**STUDY MATERIAL:**

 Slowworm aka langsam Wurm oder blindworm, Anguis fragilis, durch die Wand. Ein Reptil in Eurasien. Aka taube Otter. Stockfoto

--

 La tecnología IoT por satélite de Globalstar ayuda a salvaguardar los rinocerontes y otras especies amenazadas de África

--

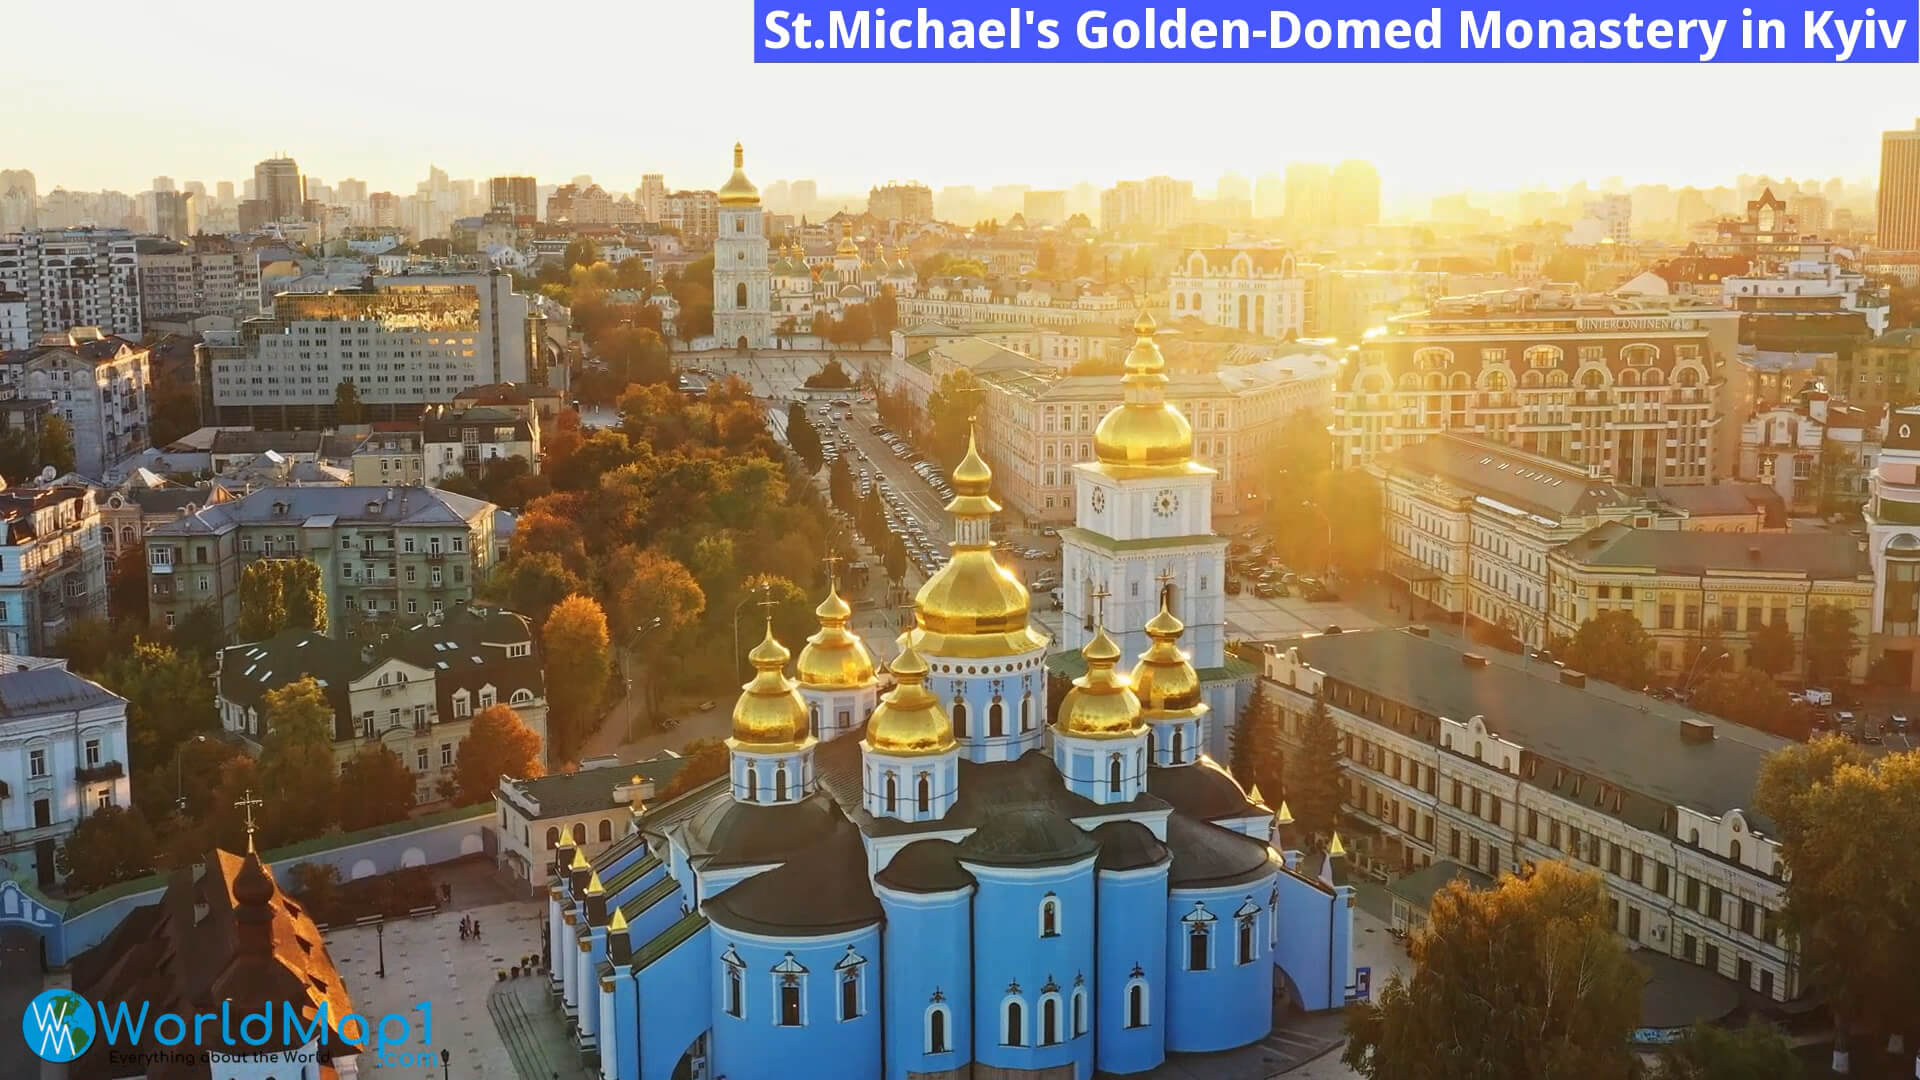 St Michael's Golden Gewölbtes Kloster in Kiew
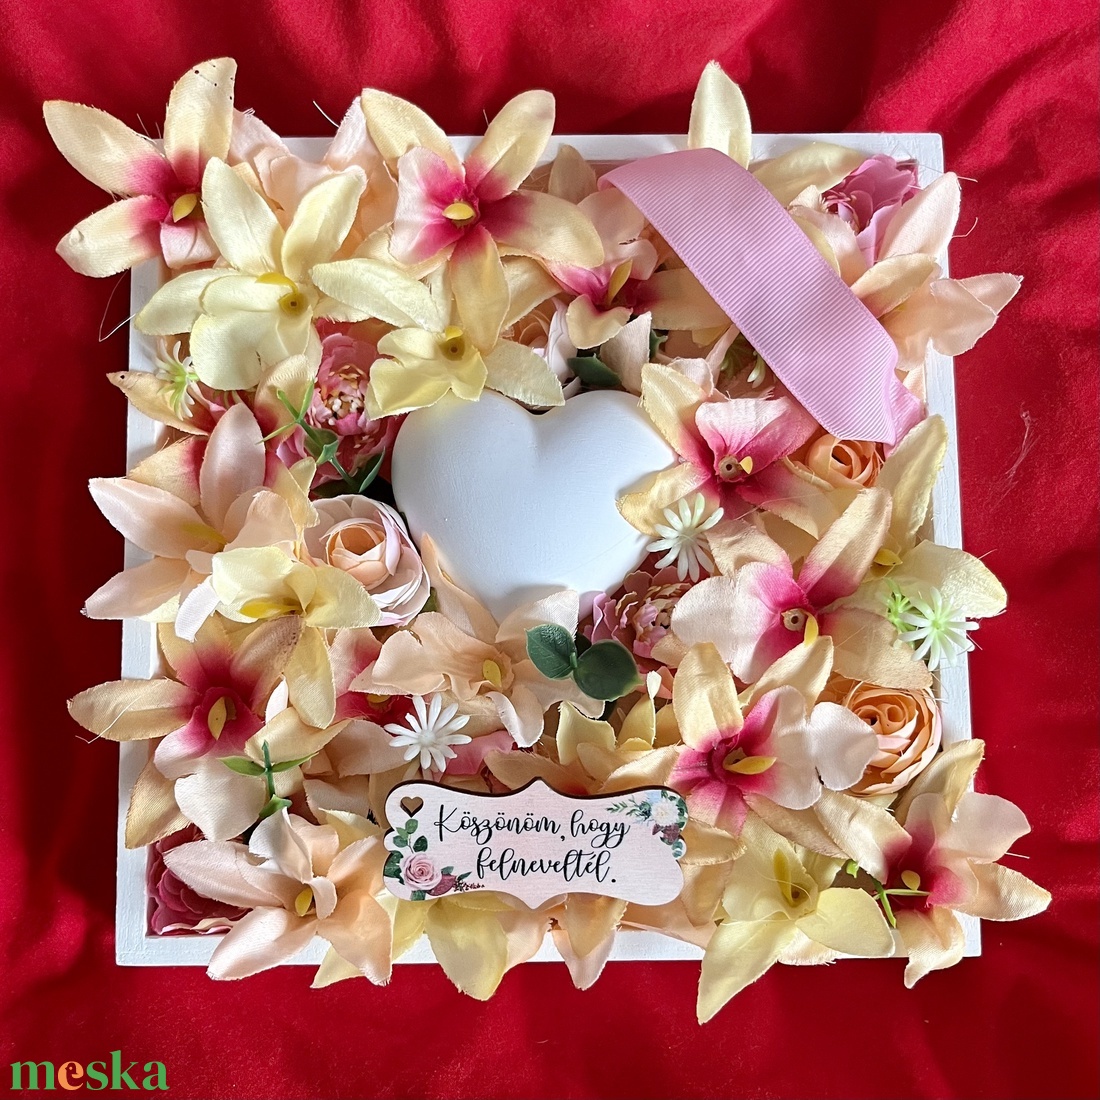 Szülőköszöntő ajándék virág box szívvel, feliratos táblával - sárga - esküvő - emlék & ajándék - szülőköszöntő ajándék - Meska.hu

**WORK INSTRUCTION:** For the material above, give again only the lines starting at the line that contains "St Michael's Golden" and ending at the line that contains "Szülőköszöntő ajándék virág". Pictures do not belong in the copy.

**SOLUTION FOR THIS TASK:**
 St Michael's Golden Gewölbtes Kloster in Kiew
 Szülőköszöntő ajándék virág box szívvel, feliratos táblával - sárga - esküvő - emlék & ajándék - szülőköszöntő ajándék - Meska.hu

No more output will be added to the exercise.